The car is about to become the ultimate mobile device, thanks to telematics. Telematics is the integration of telecommunications with informatics, enabling drivers and their vehicles to connect to a network, access apps, stream music, monitor traffic and weather conditions, download software updates, and send and receive data in real time.

The result is the connected car, and what was once a niche market is now accelerating toward the tipping point.

According to a research report by BI Intelligence, the market for connected cars is growing at a five-year compound annual growth rate of 45 percent, compared to just 4.5 percent for the overall automobile industry.1

That means that, by 2020, 75 percent of the 92 million cars expected to be sold around the world will have installed internet connections. As a result, according to Gartner Inc. research, by the end of this decade there will be 250 million connected cars on the road.2

That figure is a staggering number considering that, as recently as 2014, BI estimates that only 7 million connected cars were sold. The obstacles until now have been:

  1. High prices, as connectivity is currently limited to higher-end luxury models with an average sticker price of $55,000.
  2. Limited applications, because the technology was still in its infancy.
  3. Lack of consumer awareness of the benefits of connectivity while driving.

But now, most automobile manufacturers are planning to include Internet connections in a wide range of models across price ranges.
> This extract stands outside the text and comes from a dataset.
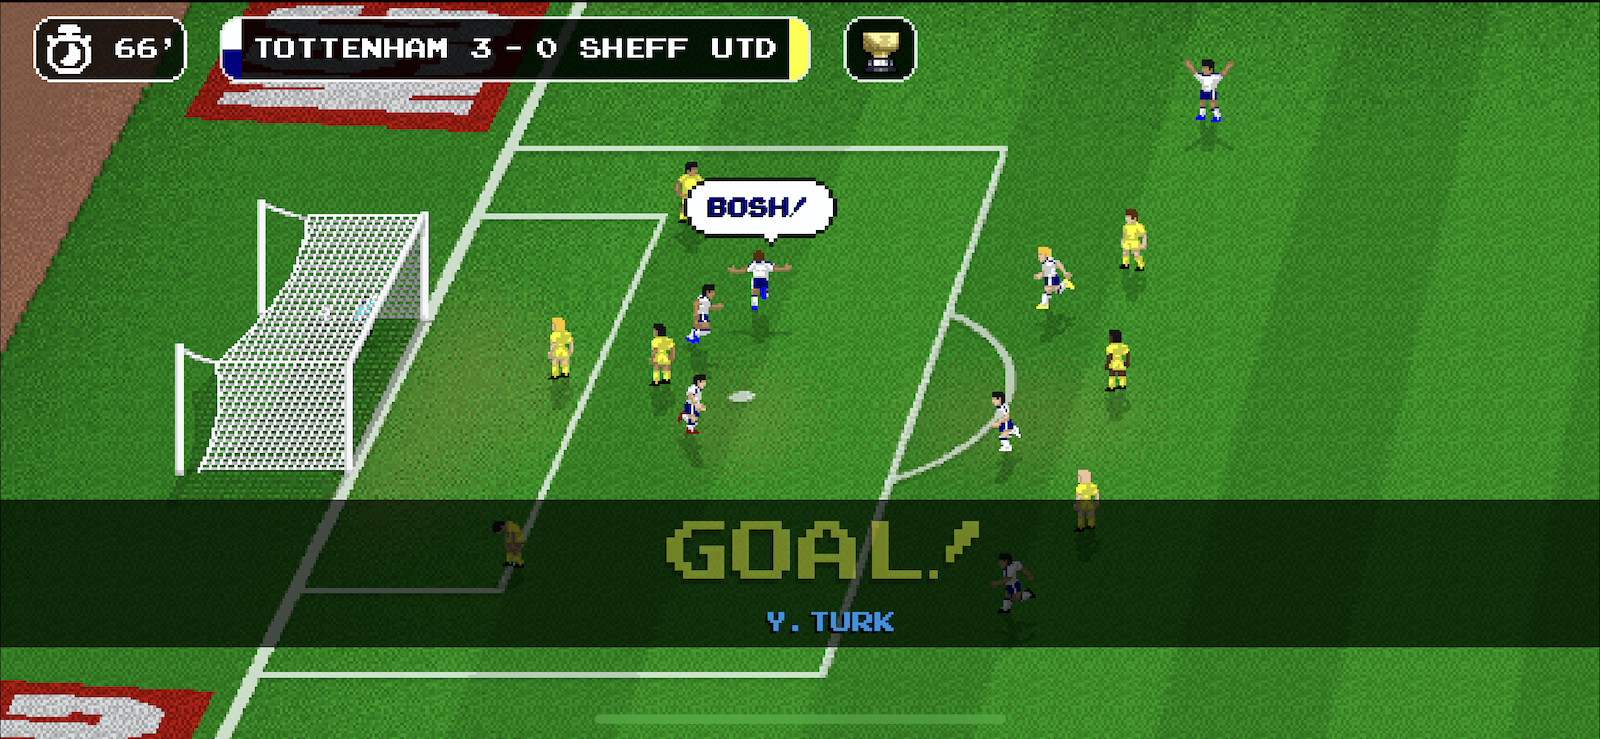 A screenshot of Retro Goal in which I have just scored, with my player exclaiming "Bosh!"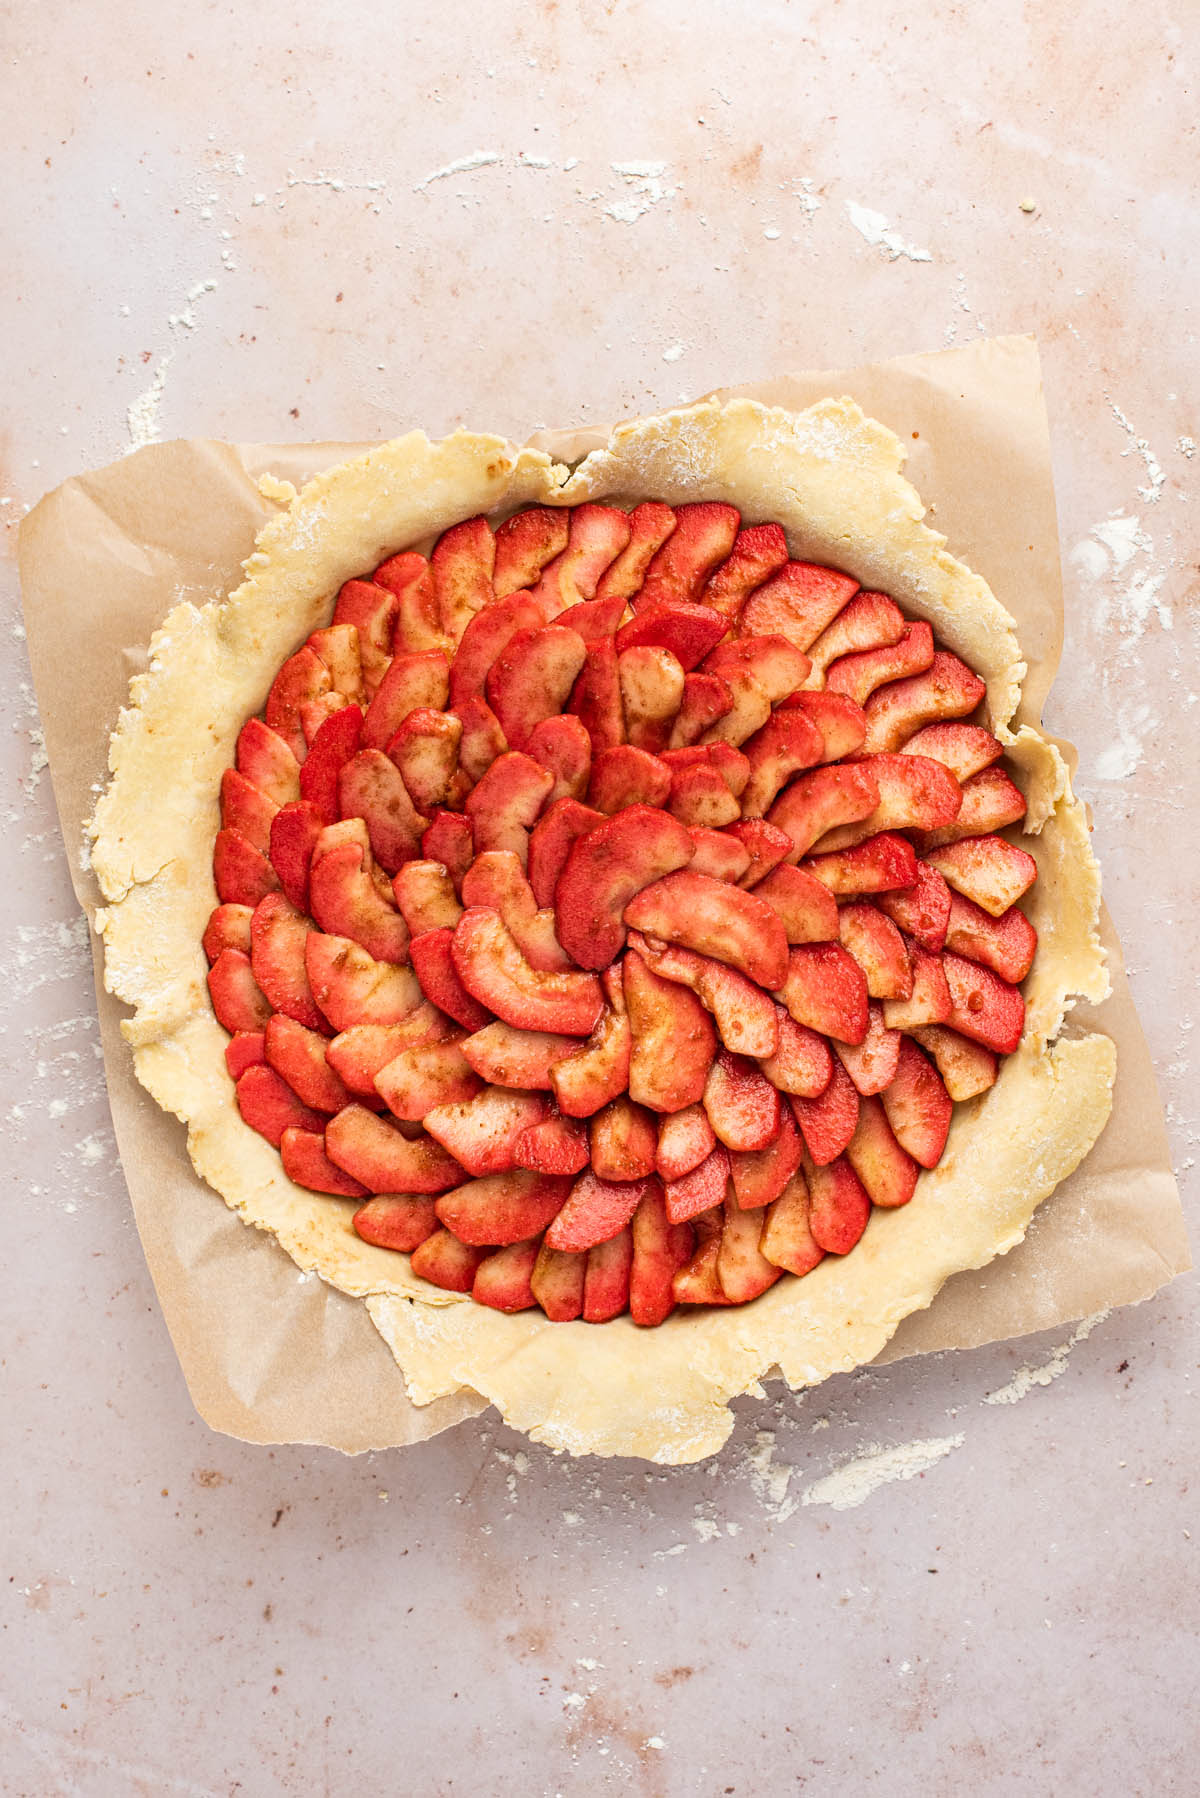 Sliced apples arranged in a spiral in the pastry.

The technology is rapidly advancing, as new industry players like Apple and Google enter the market with easy-to-use connectivity solutions. And consumers, who are now used to nearly constant connectivity in their homes and on their mobile phones, are easily persuaded about the benefits of staying connected while they're in their cars.

All of this leading to a shift in consumer attitudes toward their vehicles. Historically, the top feature that drivers looked for in a new car was its driving performance. Today, according to Accenture research, 39 percent of drivers say the most important attribute in choosing a new vehicle is in-car technology, compared to just 14 percent who say that driving performance is most important.